Photo/Illutration A 22-year-old man says he is preparing to apply for refugee status for a third time on Sept. 24, 2023, in Saitama. (Tomonori Asada)

Despite both domestic and international criticism, Japan remains on course to enforce stricter rules on people seeking refugee status on June 10.

Critics say the revised Immigration Control and Refugee Recognition Law could force asylum-seekers to return to their home countries where they face persecution.

Under the previous law, deportation orders were suspended if the individual’s refugee status application was pending.

The revised law will allow the government to deport individuals who are waiting for a decision on their application if it is their third attempt to gain the status.

Exceptions are allowed for applicants who produce documents showing “reasonable grounds” to be recognized as a refugee.

The Diet passed the legal revisions last year despite a fierce outcry from opposition parties.

At the ordinary Diet session in 2023, the central government said the number of foreigners who refused deportation or repatriation orders increased to 4,233 by the end of 2022.

It also said some of them have repeatedly applied for refugee status just to stay in Japan.

Japan is a signatory to the Refugee Convention, which defines a refugee as a person who has fled his or her home country because of fears of persecution on racial, religious or other grounds.
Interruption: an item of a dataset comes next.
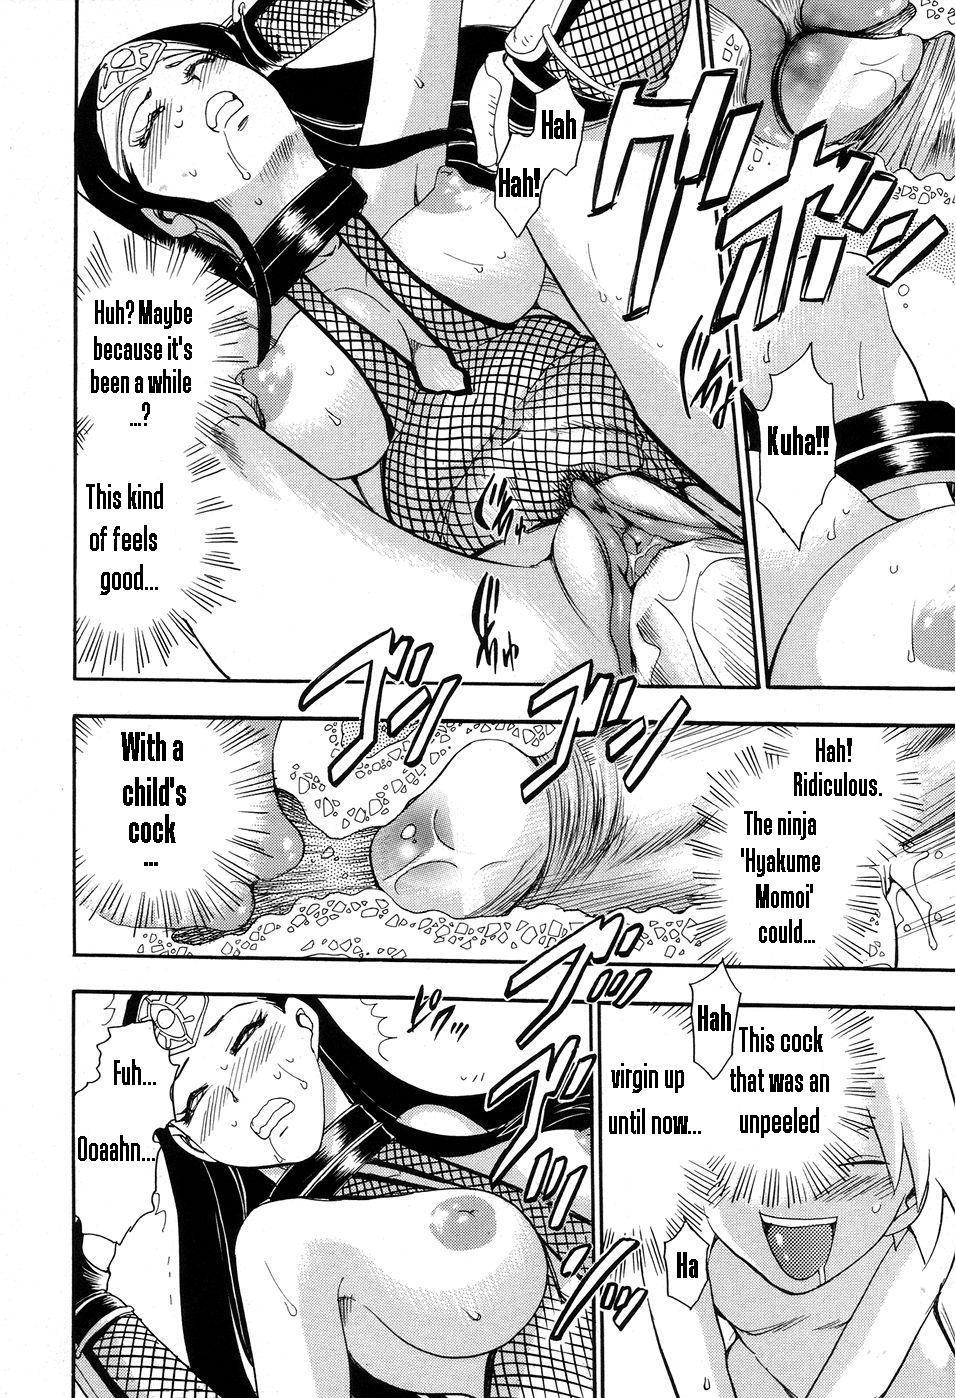 Maranosuke Chapter 1 25

Refugees must not be repatriated to countries where they face persecution, according to the convention.

Japan has faced international criticism over its low rate of granting refugee status. Calls have grown that refugee screening process should be reviewed, not the law.

Some courts have recently overturned the government’s rejections of refugee status applications.

In January, the Nagoya High Court ruled that a 45-year-old Rohingya man, whose refugee application had been rejected four times, should be recognized because “objective facts exist that would put (him) in fear of persecution.”

The court criticized the government for “lacking an understanding of the situation of those who apply for refugee status.”

The man from Myanmar lives in Nagoya with his wife and two children, both in elementary school.

“If I had not gone to court and had been deported, my family would have been torn apart,” said the man, who now has permanent resident status.

“But who would be held responsible if someone else who is a refugee but not recognized is deported and something happens to the person?” he asked.

In December 2023, the Tokyo High Court overturned the government’s decision and recognized a Ugandan man as a refugee.

In May this year, the Nagoya District Court recognized a Syrian man as a refugee after the government rejected his application.

According to the United Nations High Commissioner for Refugees (UNHCR), the refugee recognition rate in 2022 was 68.6 percent in the United Kingdom, 45.7 percent in the United States, and 20.9 percent in Germany. Japan’s rate was 2 percent.

In 2023, Japan recognized a record high 303 refugees, bringing the rate up to 3.8 percent.

However, excluding Afghans, many of whom worked for the Japanese government before the Taliban returned to power, only 66 people were recognized as refugees, and Japan’s recognition rate was less than 1 percent.

A 22-year-old Kurdish man who resides in Kawaguchi, Saitama Prefecture, lives anxiously.

An estimated 3,000 Kurds from Turkey and other Middle East countries live in Kawaguchi and Warabi, another city in the prefecture.

Many of them have applied for refugee status multiple times.

The man was only 11 years old when he came to Japan with his mother and younger sister, following his father.

He attended public elementary and junior high schools in the city and has many Japanese friends.

But he does not have residence status and is preparing to apply for refugee status for the third time.

The government intends to grant special residency permits for family units with children under 18 who were born in Japan and are attending elementary, junior high and senior high schools.

The permits will not be granted if the parents had entered Japan illegally.

The Kurdish man has a younger brother who was born in Japan. But the family has not heard from the government if the boy is eligible for the special permit.

“Everything I have is in Japan,” the man said. “I want a status of residence and to continue living in Japan.”

Eriko Suzuki, a professor of immigration policy at Kokushikan University, said that Japan in recent years has expanded its acceptance of foreign workers while strengthening control and monitoring to remove “undesirable foreigners.”

“The revised law is one such example, and its enforcement could result in repatriating people who should be protected,” Suzuki said. “The UNHRC Special Rapporteur has criticized the law as failing to meet international human rights standards.

“A system should be established whereby a third-party organization independent of the government is involved in the screening of refugees whose lives are at risk.”